Дония застонала. Крона закрыла рукой лицо, сжав пальцы так, что выступили сухожилия и побелели ногти. Когда она отвела руку, голос её был едва слышен сквозь шум скачки:
— Он верно говорит. Мы должны сделать это. Прошла ещё минута, и Дония выдохнула:
— Поджигай.
В Джоссереке запело торжество.
Он не стал ждать, чтобы этим занялись женщины. Задержавшись у куста, он обломал с него несколько веток, набрал хвороста и на скаку с трудом поджег зажигалкой сухие листья. Вскоре занялся весь пучок.

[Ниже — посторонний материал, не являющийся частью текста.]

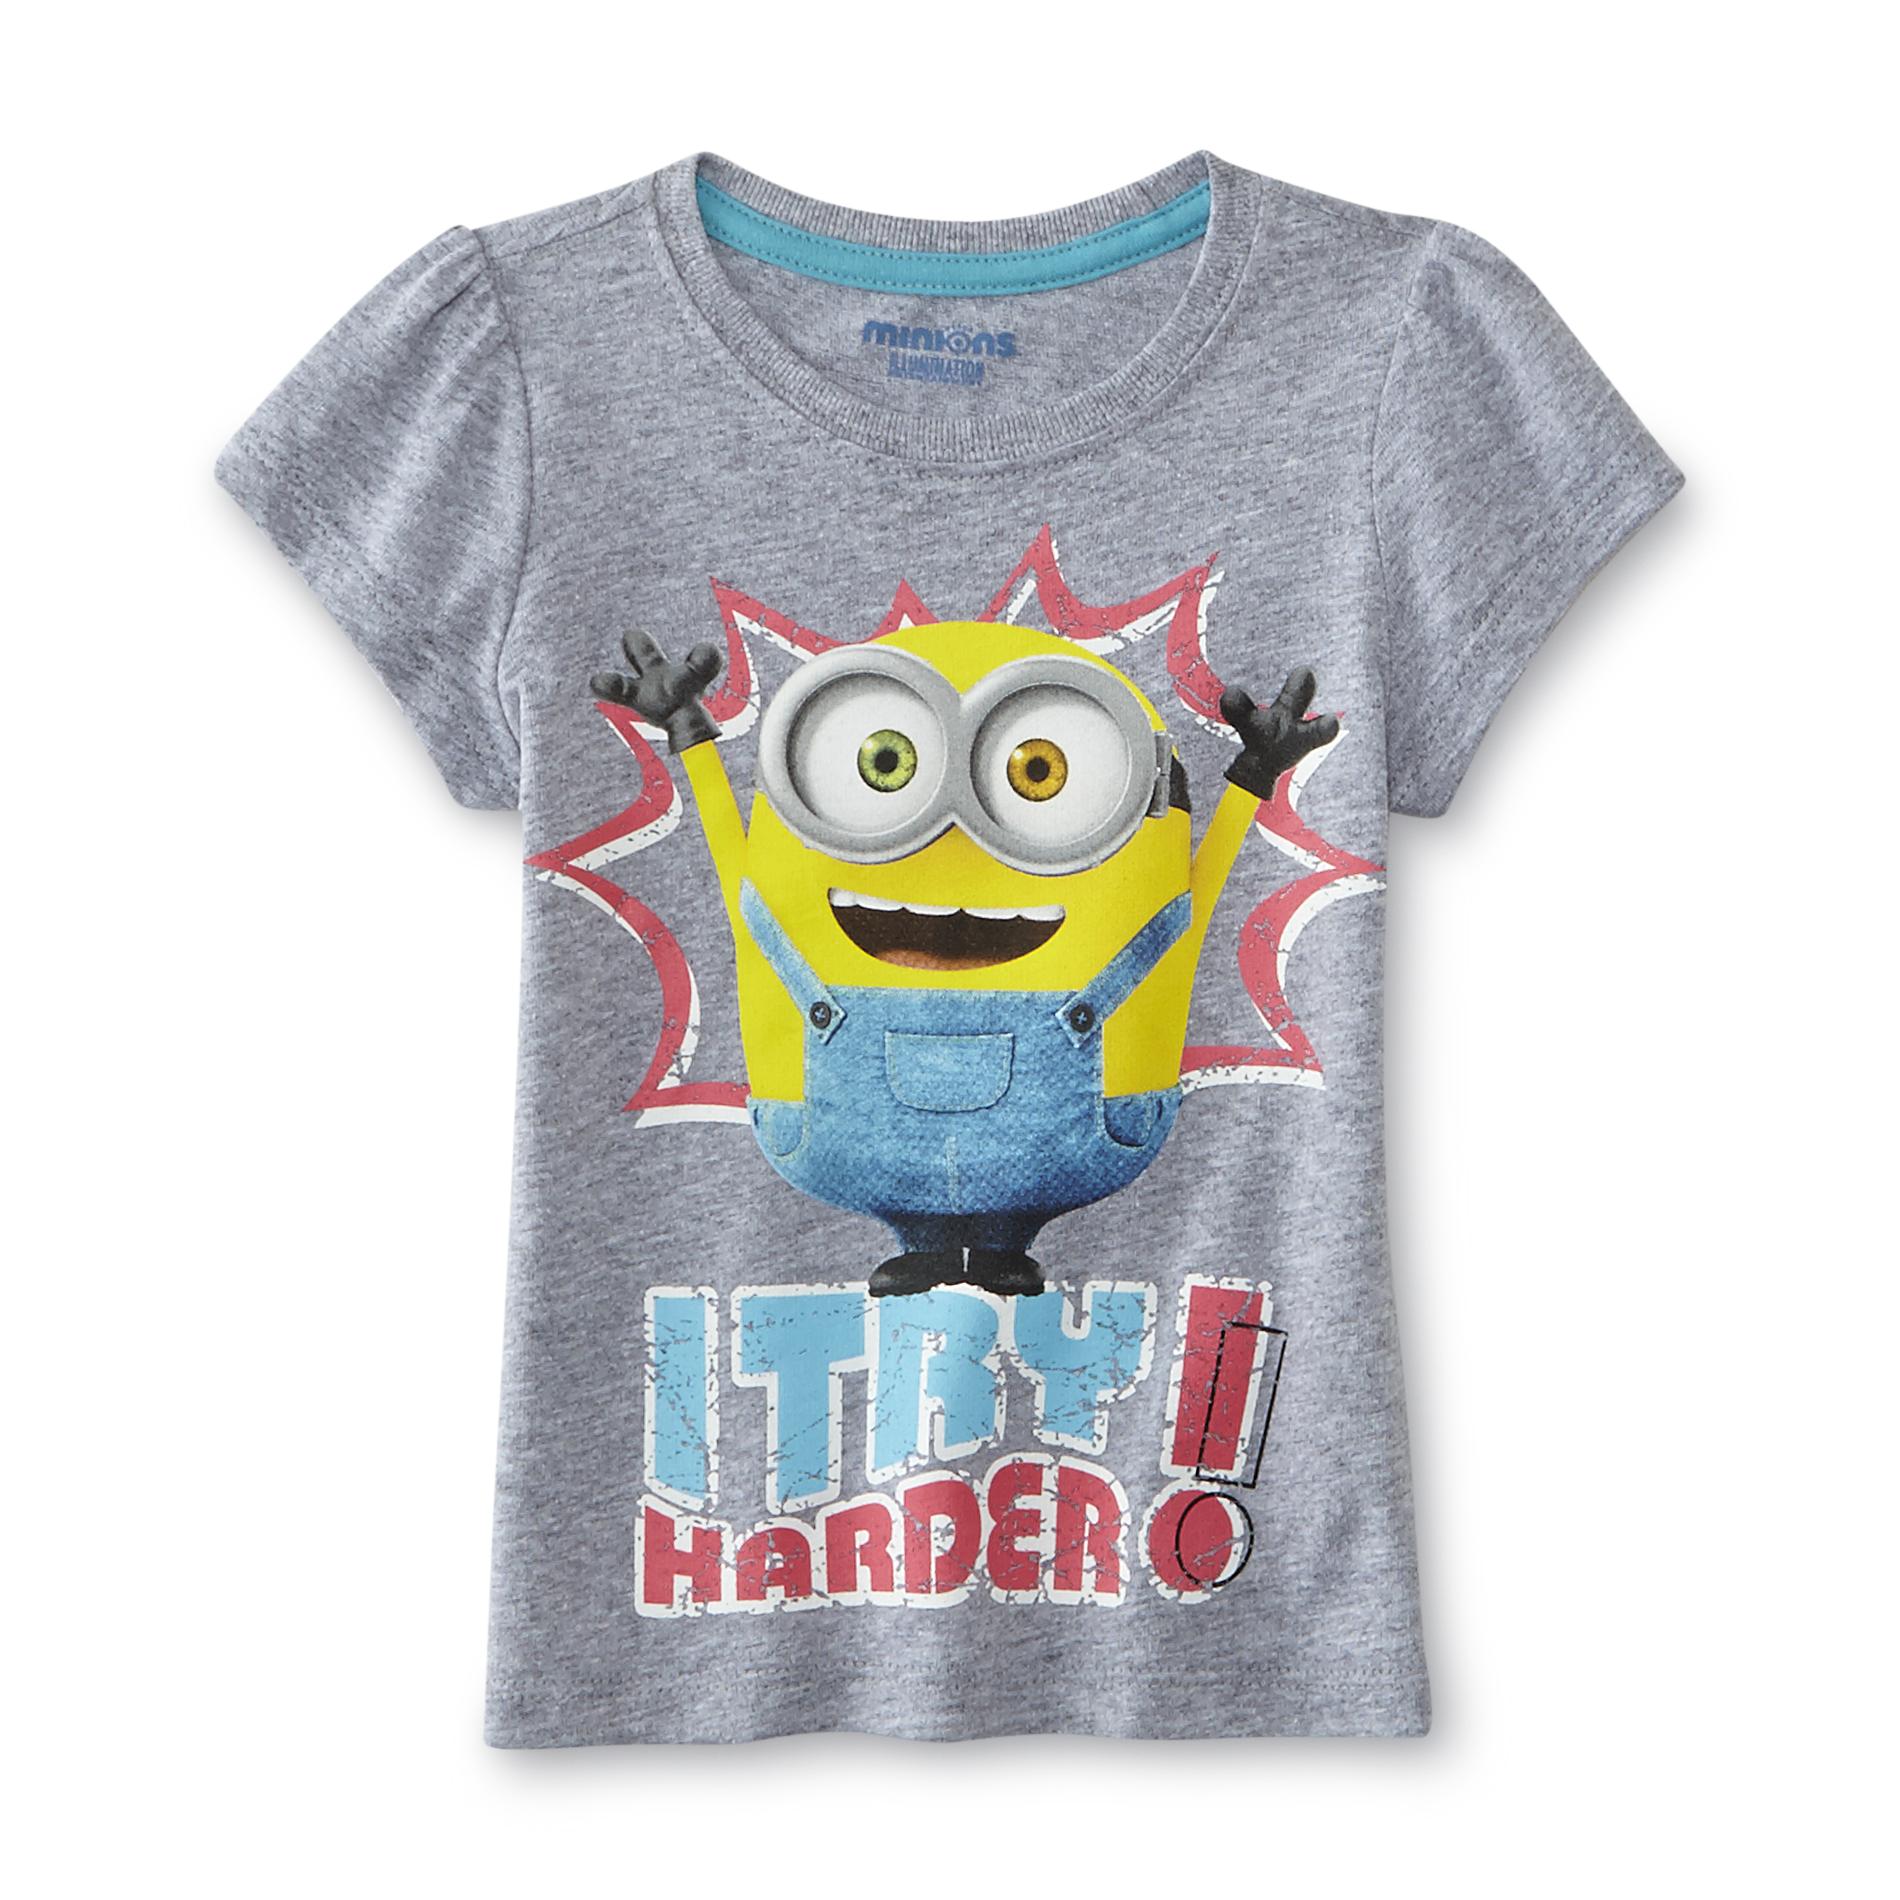 Toddler Girl's Graphic T-Shirt

Джоссерек поехал зигзагами и, перегибаясь то вправо, то влево, начал поджигать своим факелом кусты и траву. Затрещало красное пламя. Волна огня покатилась назад. Она вздымалась и ревела, над ней черной пеной вскипал дым, и белый пепел оставался на мгновенно обуглившейся земле. Джоссерек едва видел отхожих в миле от себя, едва слышал их безумные вопли.

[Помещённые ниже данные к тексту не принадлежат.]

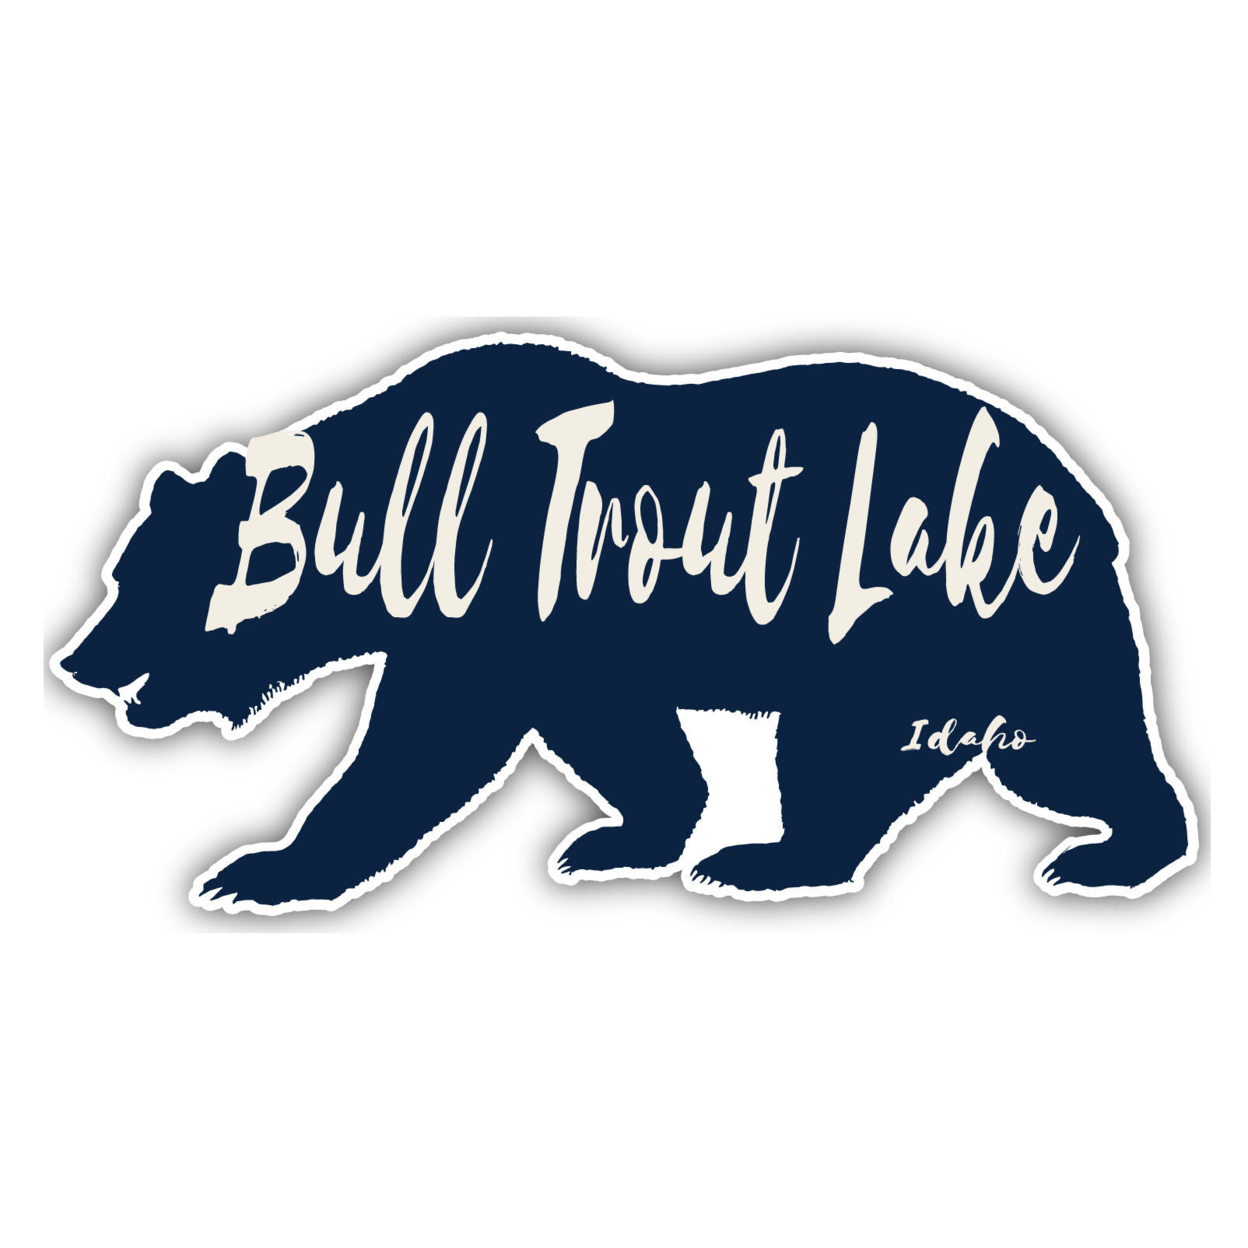 Bull Trout Lake Idaho Souvenir Decorative Stickers (Choose Theme And Size) - 4-Pack, 10-Inch, Bear

Они могли бы объехать огонь кругом, пока он не распространился, но у них ещё сохранились какие-то остатки рассудка. Жертвы, которым нечего терять, того и гляди устроят им и другую ловушку и зажарят их заживо. Они повернули назад. Огонь гнался за ними по пятам.
Остатки рассудка? Джоссерек остановился. Конь под ним дрожал и хрипел, судорожно дыша — так же, как рыдающая Дония. Ветер со льдов раздувал лошадиную гриву, сушил блестящие от пота бока, и его вой заглушал рев пожара. Если отхожие и вправду безумны, то на рогавикский манер.
А может, их волю сломила не рассудительность, а ужас. Может быть, даже они считают людей, поджигающих степь, слишком страшными, чтобы с ними связываться. Они, в конце концов, тоже рогавики.
— Кончено, — горестно, словно издалека, сказала Крона.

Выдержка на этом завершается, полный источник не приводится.